# Is Pay Per Click Ads Worth The Money You Pay?



## Spicetag (Jun 7, 2011)

Hello All,

I was looking up some new ways of promoting my website and was looking a little into Pay Per Click. Is it worth it? I've heard its good to advertise this way, but I have to pay for every click even if that click doesn't mean a sale. Has any one got any information on this area, share the same issues or even has experience with this advertising method.

Any help would be really appreciated.
Thanks for reading,
Jordan


----------



## splathead (Dec 4, 2005)

"You can lead a horse to water, but you can't make it drink".

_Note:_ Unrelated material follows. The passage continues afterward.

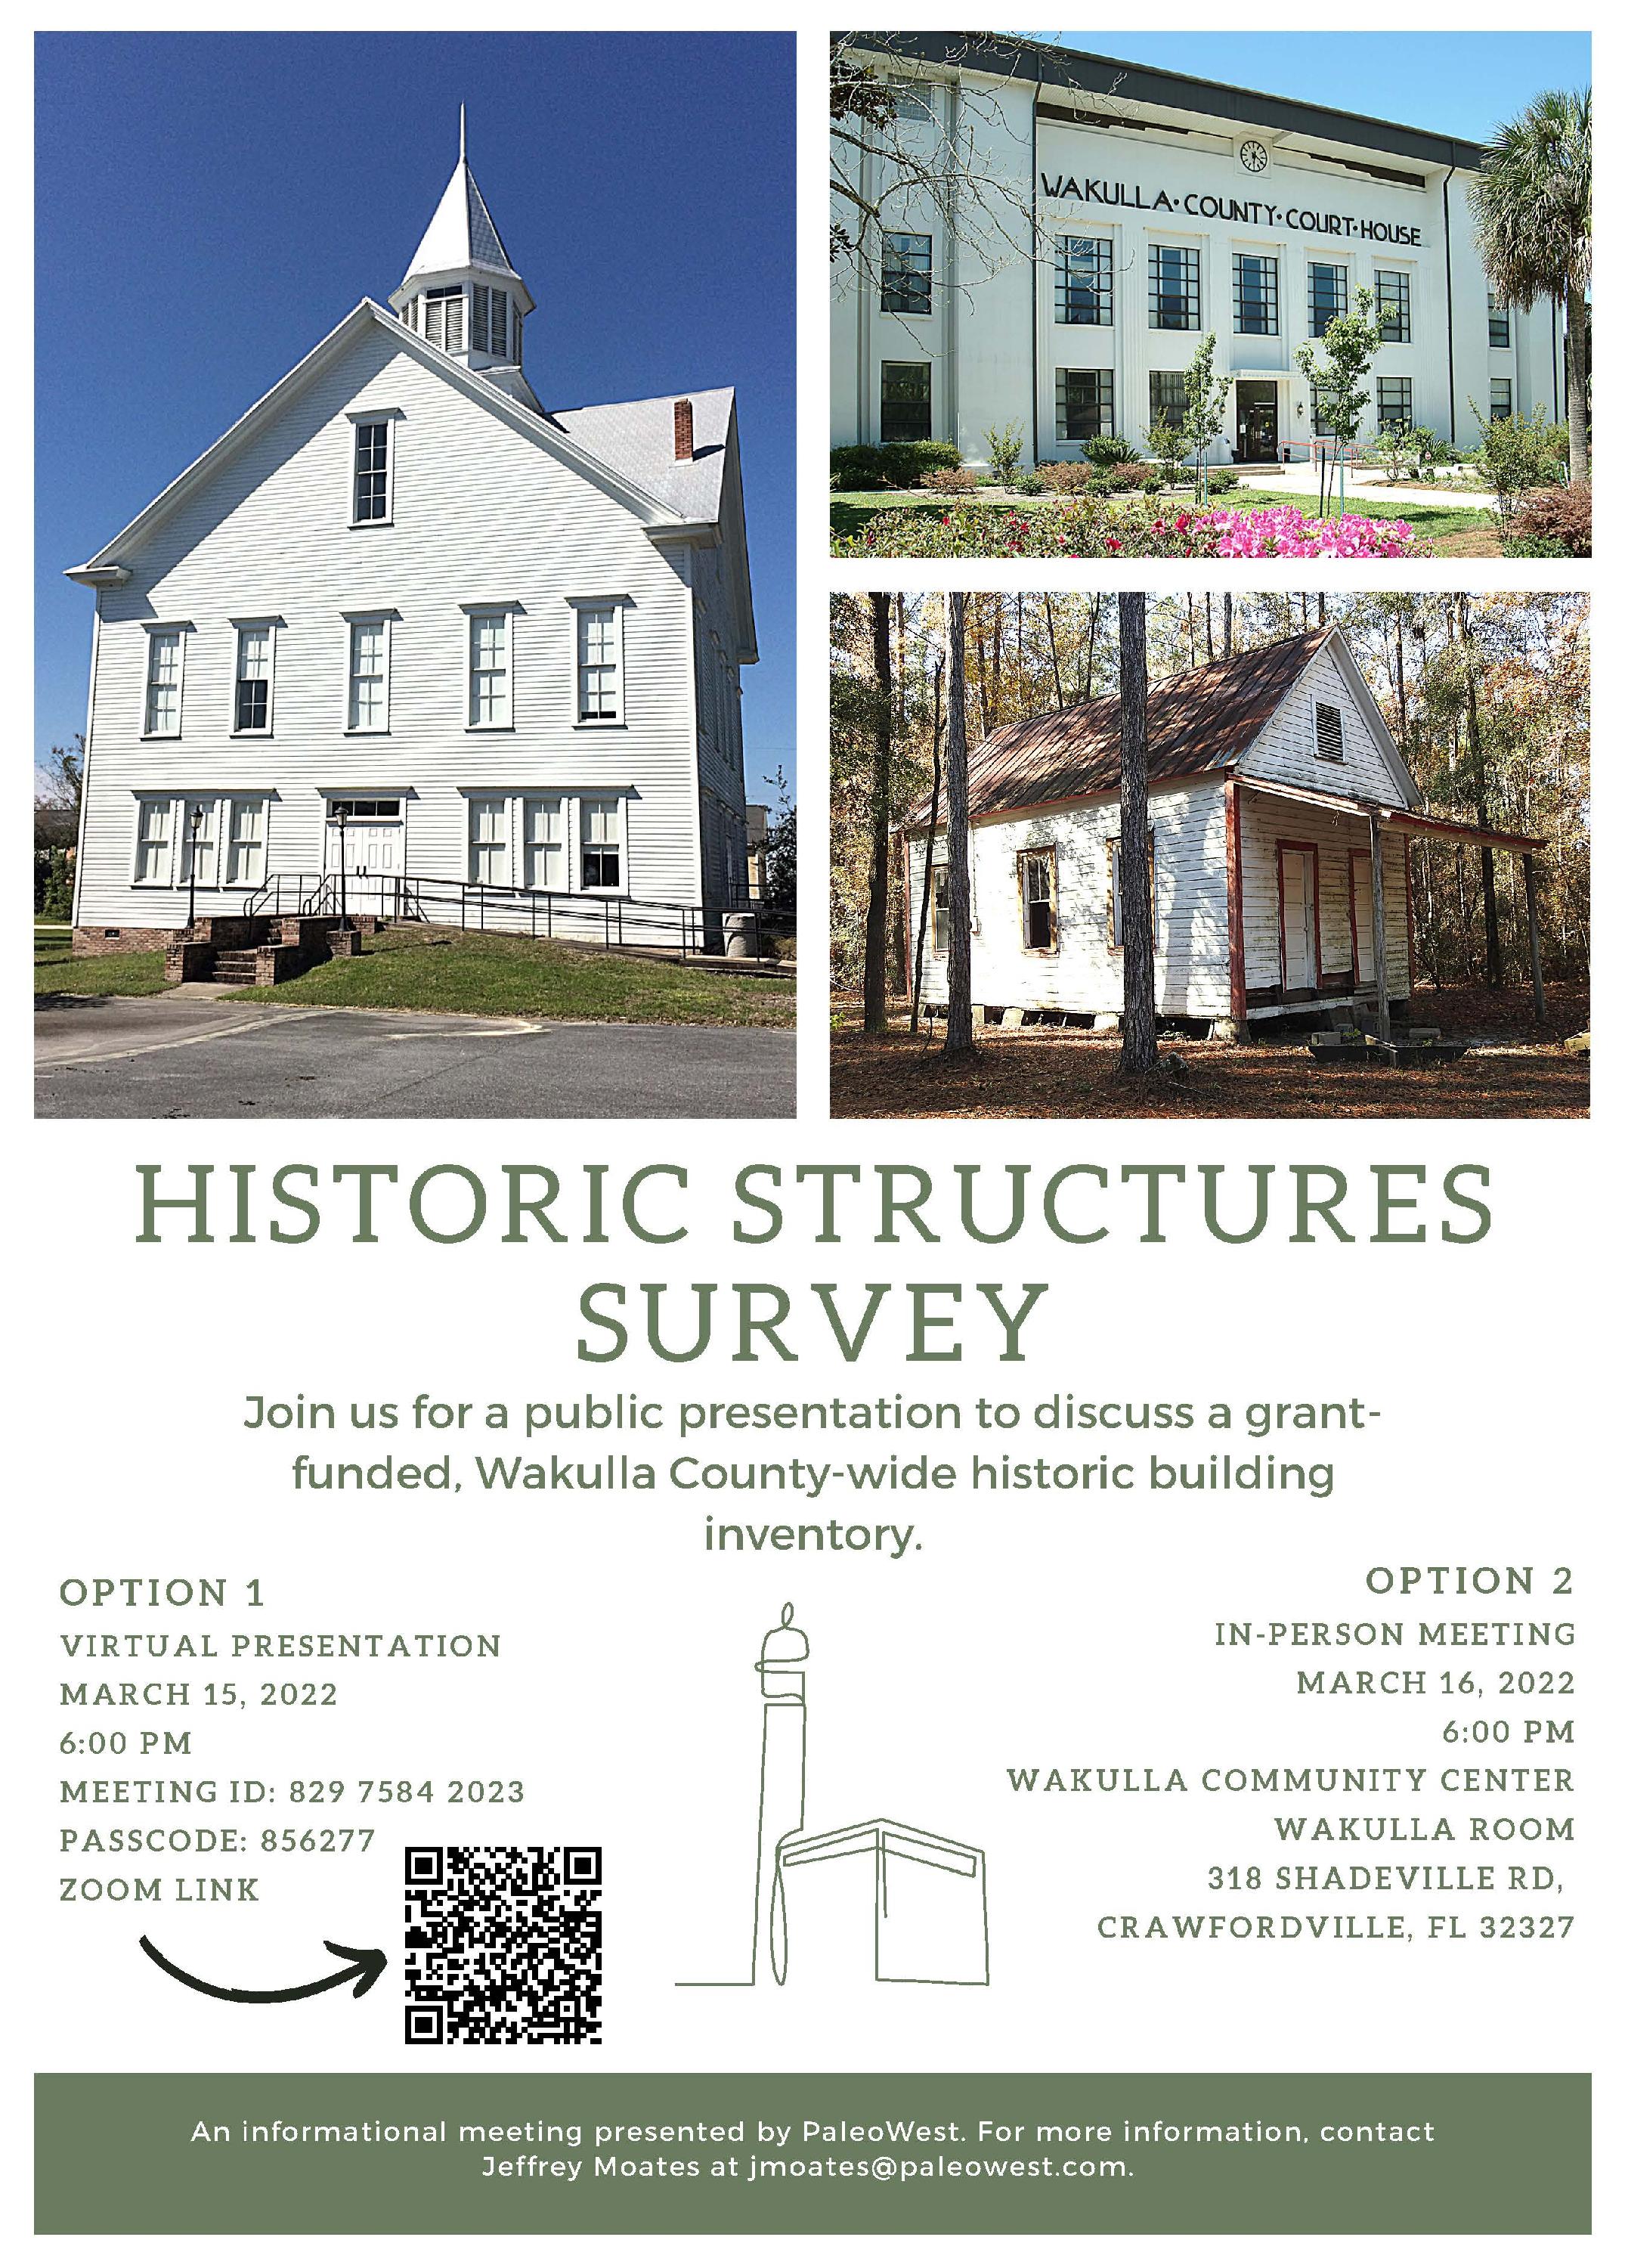 Wakulla County Historic Structures Survey Flyer

Pay per click is worth it if you have product people like enough to buy. So the trick is to make sure those who are doing the clicking are your target market. Your key word search terms are very, very important. 't-shirt', 'funny tee', etc. probably won't cut it. Search terms should be as detailed as you can make them to attract your target market while not so detailed as to not have hits at all.


----------



## dottavig (May 2, 2011)

Yes, pay per click is not going to blindly create sales for you. You have to come up with marketing wording for your ads and you have to really think about who to enable those ads to be seen by. The right search words make all the difference, T-shirts i imagine is incredibly over used and expensive per click while "insert unique click here" T-shirts is not only a better fit but also cheaper.


----------



## dottavig (May 2, 2011)

also i forgot to mention, Google ads and Facebook always seem to have try us out programs that give you $50 or so worth of free click money. When i did google i got 50$ plus free marketing help. I dont remember where i found the freebies from but im sure with a little searching they shouldnt be too hard to find.


----------



## CharlieK (Aug 12, 2011)

Yeah Google sent me an e-mail with a coupon for $100 in free advertising, so make sure you watch out for those offers.

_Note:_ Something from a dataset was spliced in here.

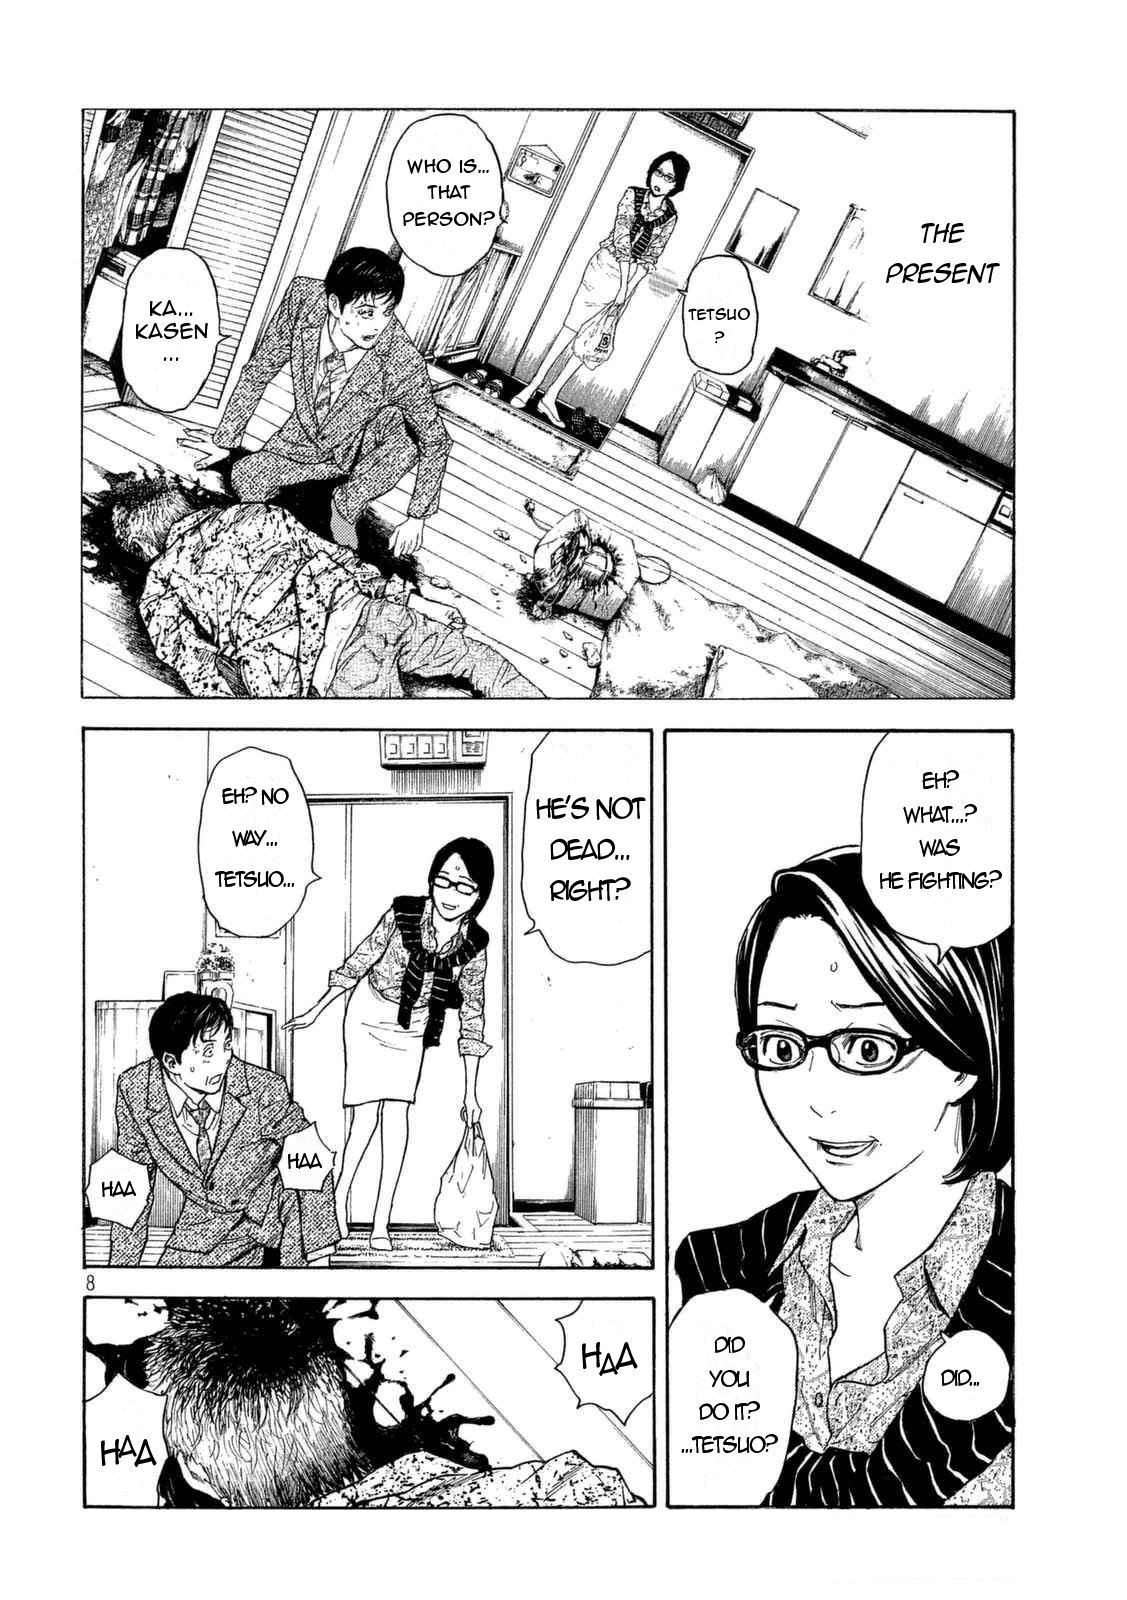 My Home Hero Vol. 1 Ch. 2 My Wife Was The First To Arrive At The Scene of The Crime

If your keywords aren't too general like they were saying above, and the user finds what he originally searched for on your site, he'll possibly turn into a sale. But it's up to you to make sure that what he finds after he clicks the ad causes him to buy from you. That's why google always talks about relevance & landing page quality, they're very important!


----------



## pinkmomto3 (Apr 13, 2009)

They weren't for me!
(


----------



## beanie357 (Mar 27, 2011)

At our linen rental business, which is wholesale only, the only real outreach we did for 2 years (20 year old business) was google pay per click. We spent 350 a month (budgeted-bid max) and were quite pleased, except we got a lot of retail, we have not decided wheter to try this on our apparel decorating business, but will probably give it a go and see what we get. Since we are gearing for wholesale or retail maybe it will work. Never be afraid to try anything.


----------



## starchild (Jul 22, 2009)

Pay Per Click works exceptionally well with higher price point items. an extreme example: 1000 clicks resulting in 1 sale- a yacht.. but you get the idea..


----------



## Louie2010 (Feb 26, 2010)

How much does it generally cost per click using google ads?


----------



## starchild (Jul 22, 2009)

Louie2010 said:


> How much does it generally cost per click using google ads?


It honestly depends on how many clicks, generate a sale or lead or what ever you are trying to accomplish. 

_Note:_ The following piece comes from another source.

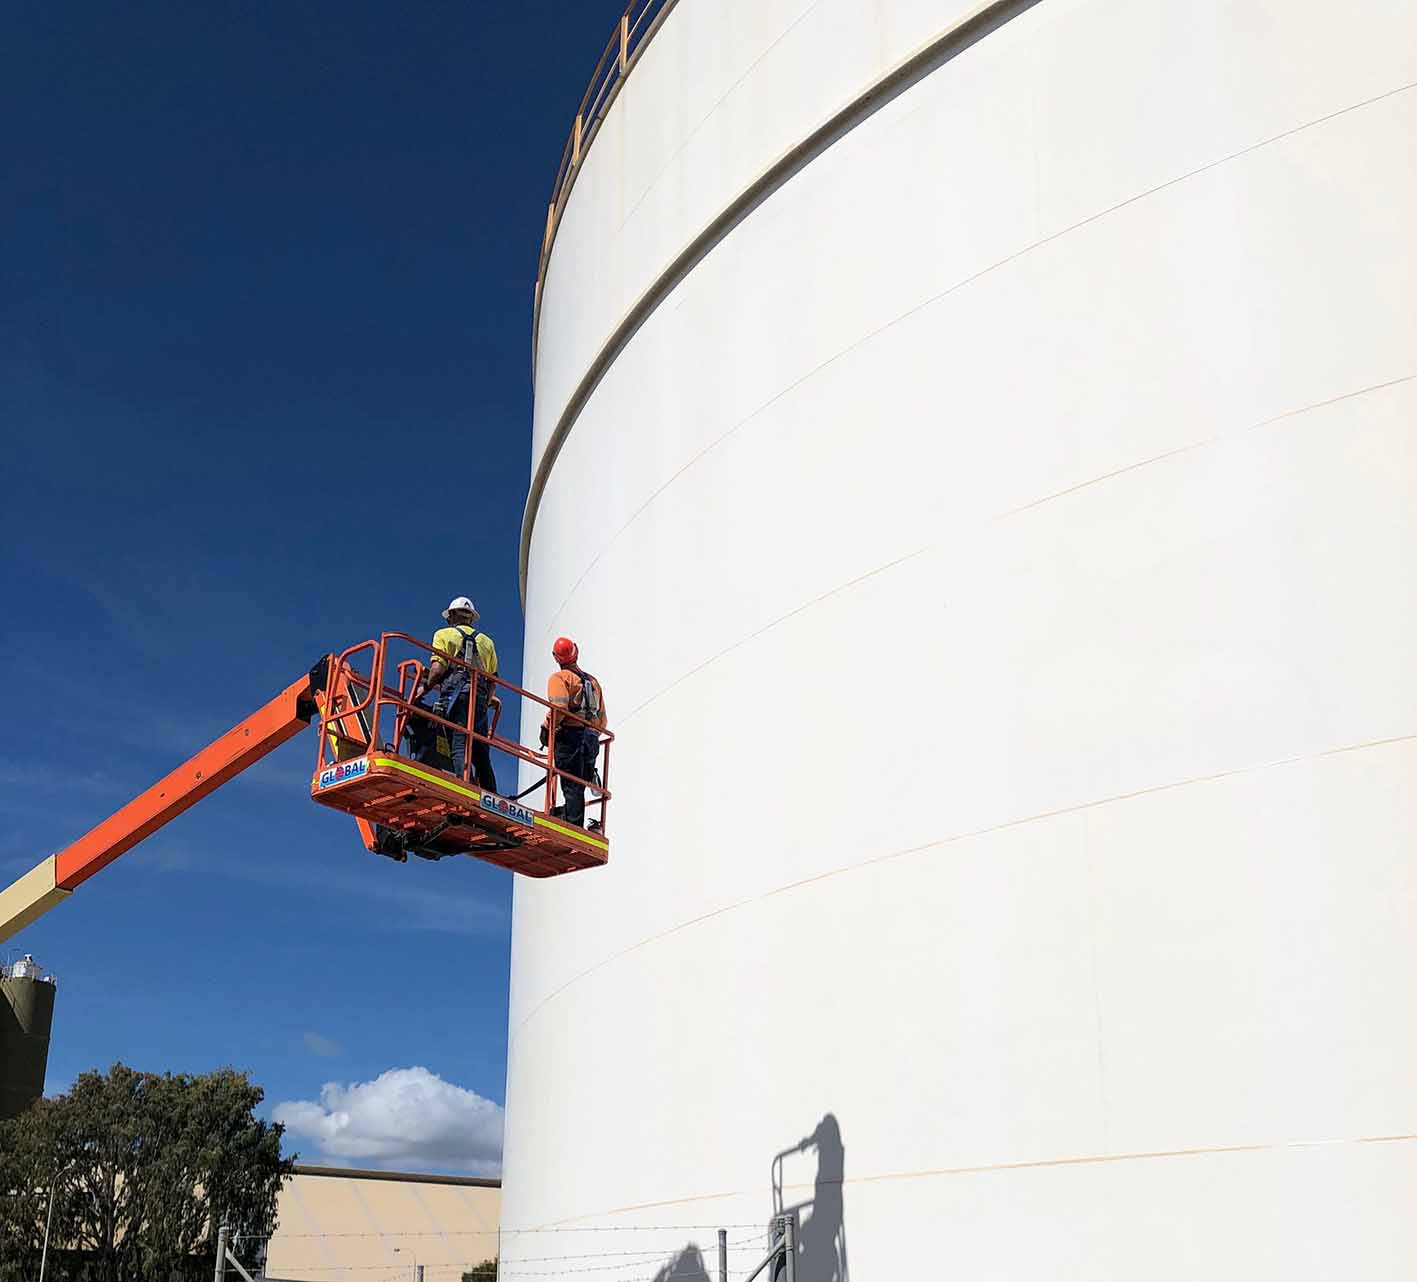 ADM inspecting a molasses tank at the Townsville Port

How much does it cost for desired outcome?


----------



## Louie2010 (Feb 26, 2010)

Doesn't Google charge a specific amount per click when you sign up? That is what I was wondering, what range that rate might be.


----------



## splathead (Dec 4, 2005)

Louie2010 said:


> Doesn't Google charge a specific amount per click when you sign up? That is what I was wondering, what range that rate might be.


Depends on the popularity of your search words. The more popular the term, the higher rate you pay.


----------



## Louie2010 (Feb 26, 2010)

splathead said:


> Depends on the popularity of your search words. The more popular the term, the higher rate you pay.


Thank, that makes sense. Do you happen to know an approximate range? Are we talking from low to high something like .01-.25 or something like .25-$1.00?


----------



## splathead (Dec 4, 2005)

I've seen it as high as $10. You don't have to pay to set up an account and look at going rates. Just google 'adwords'


----------



## Riderz Ready (Sep 18, 2008)

Ad Words is great espcially if you have a niche market you are targeting. You set the keywords, you set the highest amount you will bid per click and you set how much a day/month you want to spend. Allows you to easily try it out with you setting the rules on how much you want to spend.


----------



## Louie2010 (Feb 26, 2010)

> "you set the highest amount you will bid per click "


So it is a bid, rather then a set rate? Who are you bidding against?


----------



## EnMartian (Feb 14, 2008)

Pay per click ads can work quite well, if you do a couple of things:

1. Make sure you pick your keywords carefully. As others have pointed out, too general leaves too much competition, and two specific means your ads will never show. You need to research carefully to determine which keywords will work for you. 

2. Your ads have to be written carefully. Having your ad show up is half the battle. People still have to click it. No clicks means no charges, but also no sales. 

3. Your web site has to convert visitors into buyers after they click your PPC ad. If they click your ad and your website is hard to navigate, your landing page is misleading or a hundred other things, you'll lose the sale and your time and money is wasted.


----------



## Louie2010 (Feb 26, 2010)

What if your keywords are very common. What determines which company gets a better spot, is that what the bidding is for?

For example, _"Embroidered Polo shirts"_ would have to be a very common one, but also specific. How does that play out?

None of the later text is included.